依楼葉はしばらく、その部屋から外を眺めていた。
ゆく水に 数かくよりもはかなきは
思はぬ人を 思ふなりけり
(流れてゆく水に数を書くことより無益なのは、自分を思ってくれない人を恋い慕うことだ。)
空にはいつの間にか、月が出ていて、そんな時でも依楼葉は、帝である春の君を、思い出す。

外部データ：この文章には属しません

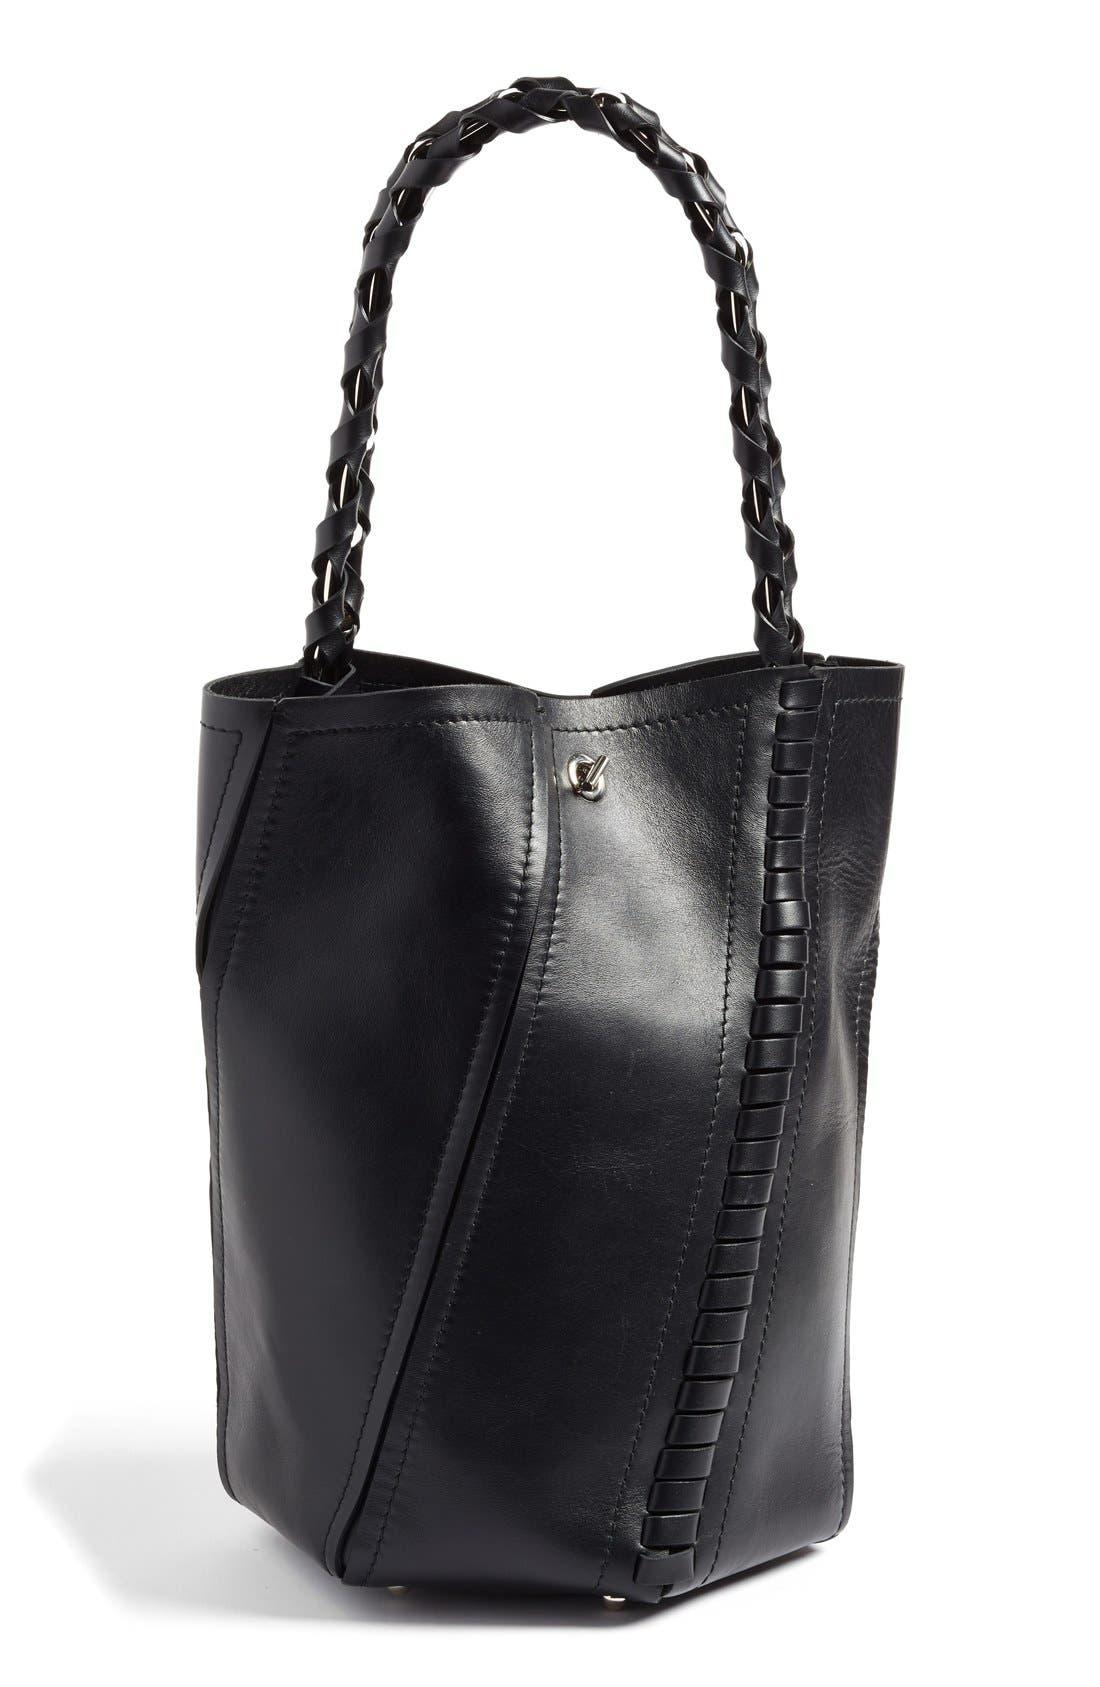 PROENZA SCHOULER 'Medium Hex' Whipstitch Leather Bucket Bag, Main, color, BLACK

そんな自分を、はかないと分かっていながら、見守るように恋しく思ってくれる夏の君を思うと、依楼葉は切なくなるのだった。
するとどこからか、足音が聞こえてきた。
「はて。誰も想うて詠んだ歌なのだろうか。」
足音の主は、春の君だった。
「……主上。」
依楼葉は慌てて、座り直した。
「ああ、そのままで。」
春の君は、依楼葉の側に片足をついて座った。
「まさか、私ではあるまいな。これ程までに、あなたと想い合うていると言うのに。」
「……はい。」
素直に返事をする依楼葉に、反って驚いたのは春の君だった。
「……昔、恋人になってくれないかと、仰った方です。」
「ほう。それは私に、妬けと申しているのかな。」
春の君が依楼葉の顔を覗くと、はにかみながら依楼葉は、下を向いた。
「その方が教えてくれたのですが、弟の隼也に、危険が迫っているかもしれないのです。」
「秋の中納言に?」
依楼葉は少しずつ、春の君に近づいた。
「主上、教えて下さい。藤壺の女御様の力が無くなった今、一番憂いているのは、どなたですか?」
「一番憂いている者?そうだな……藤壺の父、太政大臣殿だろうなぁ。」
「太政大臣殿……」
依楼葉の頭の中に、あの冷ややかな目が思い浮かぶ。
「太政大臣殿は、藤壺の懐妊を誰よりも喜んでいた。それが、本人の嘘だと分かり、行き場のない思いに、駆られているであろう。」
背中にヒヤッとした、空気を感じた依楼葉。
それだけではない、嫌な予感がしたのだ。
「太政大臣殿は……政を狙っていたと言う事は、ありませんか?」
「政?太政大臣殿が?」
春の君は、考え込んだ。
「まさか太政大臣では足りずに、摂政関白まで狙っているのか?」
「摂政関白を!?」
依楼葉と春の君は、顔を見合わせた。
「藤壺に皇子が産まれ、皇太子になれば、太政大臣殿はその叔父。陰で政を操る事もできる。」
「そんな……」
依楼葉は、弟の隼也の身の回りだけではない、大きな黒い渦を感じた。
「放っておけません。」
「尚侍?」
「今は隼也だけ狙っていたとしても、将来主上を狙うかもしれません。そんな事があれば、私は……私は!」
春の君は、依楼葉を抱きしめた。
「私は、大丈夫だ。」
「主上……」
「それよりも、そなたが心配だ。あまりいろいろ考えて、手を出すのではないかと。」
「そのような事は……」
「現に、家の為に公達に扮して、怪我までしたではないか。」
依楼葉は男の成りをして、帝の側にいた時の事を思い出した。
「あの時は……あの時です。」
「そうか?ならば、よいが。」
春の君はそっと、依楼葉から離れた。
「ですが、もう一度だけ、目を瞑って頂けませんか?」
「何をする気だ?」
「弟の隼也を、救ってやりたいのです。」
「秋の中納言を?」
春の君は、渋い顔をした。
「隼也は、本当に左大臣家の者なのか、周りから疑われております。それを父に伝えてきたのが、太政大臣殿なのです。」